Readers Write: Betrayal of a county legislator

The Island Now
Jay Jacobs and Laura Curran, reassuring frightened villagers

Back in March 2015, a rally was held in front of the closed Sixth Precinct building on Community Drive. Ostensibly arranged by the supervisor, the rent-a-crowd of “concerned citizens,” who looked like they had been rounded up from the town’s motor pool, were flanked by what newspapers call “local leaders.”

One leader was not local. Legislator Kevan Abrahams was there to show his support, which I always thought was odd. As far as North Hempstead is concerned, Mr. Abraham’s district may as well be in Macon, Ga.

No matter how many times then Police Commissioner Thomas Krumpter said it would be of absolutely no benefit, and the crime data didn’t warrant it, an alliance of payroll padders in government as well as some over-moneyed matrons who deemed themselves experts in law enforcement logistics, pushed the reopening. You have to forgive them. Some of these people live in such fear of contact with the commoners, they think they need an armed guard to enter the Buttercooky. And now they have one.

But as big a farce as most knew the reopening of the Sixth was, time reveals all. On Feb. 18, 2021, Newsday reported on county negotiations with the PBA and wrote “PBA President… McDermott’s one strong card might be Nassau County Executive Laura Curran’s bid for re-election in November: The PBA hammered her in the leadup to her 2017 win against Republican Jack Martins and thereafter. Curran wants a deal done and wouldn’t mind a few new friends in blue.”

So Newsday simply blurts out that when it comes to staffing and remuneration, reality doesn’t matter. What the administration needs is “friends,” and they’re going to squander your tax dollars to get them.

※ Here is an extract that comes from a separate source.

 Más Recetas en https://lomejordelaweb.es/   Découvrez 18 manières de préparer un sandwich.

About half of Nassau County’s officers earn over $200,000 a year, with “separation pay” averaging another $200,000, sometimes hitting $500,000. Pensions average $100,000. All this, for patrolling one of the safest areas in the nation if not the world.

And now, the Nassau County government, itself merely a pension and benefit extortion scheme that provides sundry municipal services as a side hustle, has to sing for its supper if it wants “friends” and campaign contributions. I mean, how often do you get to bribe the counterparty you’re negotiating with?

Perfectly legal, darling.

But a terrible thing happened along the way: a nine-minute snuff film showing the final moments of George Floyd’s life was flashed around the world, and there were calls for reform.

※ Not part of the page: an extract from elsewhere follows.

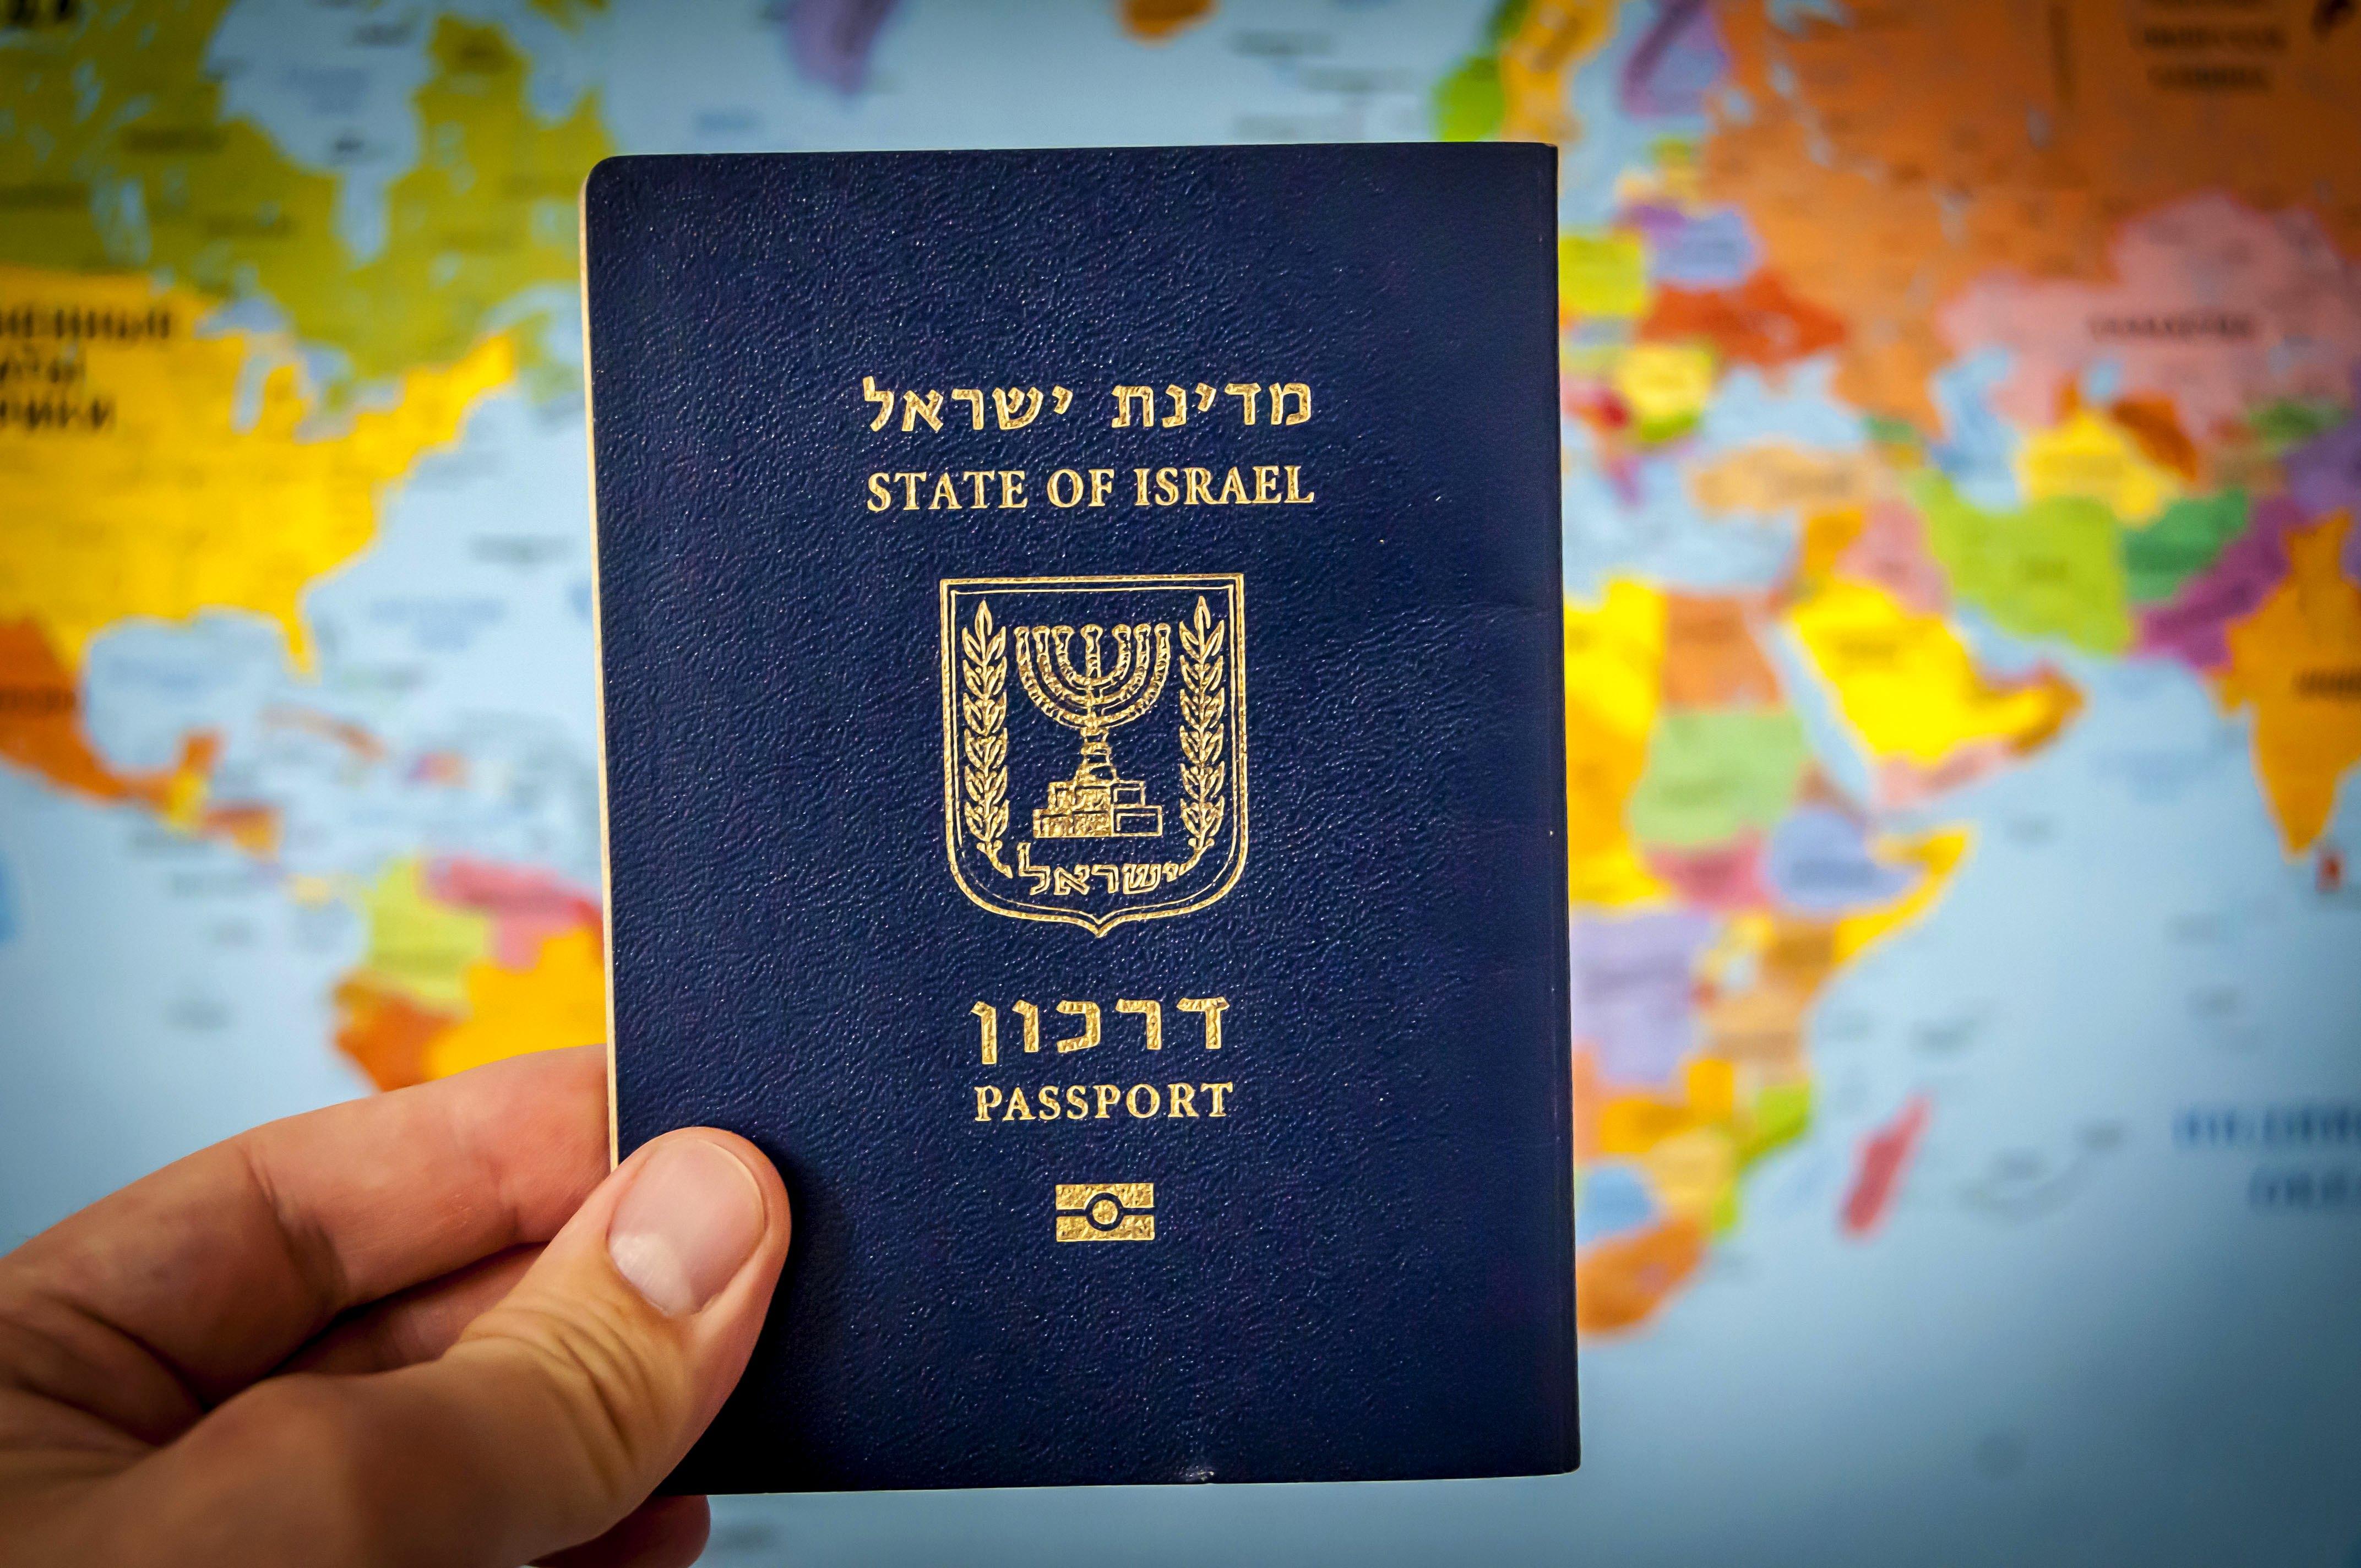 Паспорт Израиля, гражданство которого могут получить россияне

There’s a lot of dirty stuff that’s gone down in the county when it comes to how law enforcement engages with minority communities that doesn’t make headlines. Like a lot that goes on here, either you know or you don’t. But it’s always been there. The Floyd incident, almost providentially, provided a pretext to deal with it.

So when it came to a police reform plan, the county executive politely listened to representatives of the communities most likely to be affected.

And then blew them off.

Three county legislators, none of them white, voted against the plan.

Legislator Abrahams was always a team player. He went along with what the leadership wanted in a county where every road, every bridge overpass, every local zoning rule, every school district boundary was specifically designed for a single outcome. And he kept quiet about it all this time.

But this was too much. Members of his own leadership shoved Mr. Abrahams and the other two legislators not under the bus but to the back of it. And hard. Hard enough for them to go over the heads of the state party leader and the county executive to plead to the New York State attorney general for oversight.

Politically that is a seismic rift. Just as outrageous as the executive’s dismissive action, that’s how the PBA paid Mr. Abrahams back for his unqualified support of their profligacy.

Laura Curran’s spokesman was quoted as saying, “After hundreds of meetings and countless hours of input from community stakeholders, the Nassau Police Reform Plan passed the legislature in a bipartisan manner.”

Actually, not bipartisan. How many times have I told you there is no such thing as a Long Island Democrat? Moreover, Messrs. Jacobs and Curran must have known how the dissenting legislators felt about the plan, and they went ahead anyway.

Ralph Ellison has been dead for 27 years. Mr. Abrahams is still invisible. Maybe for not much longer.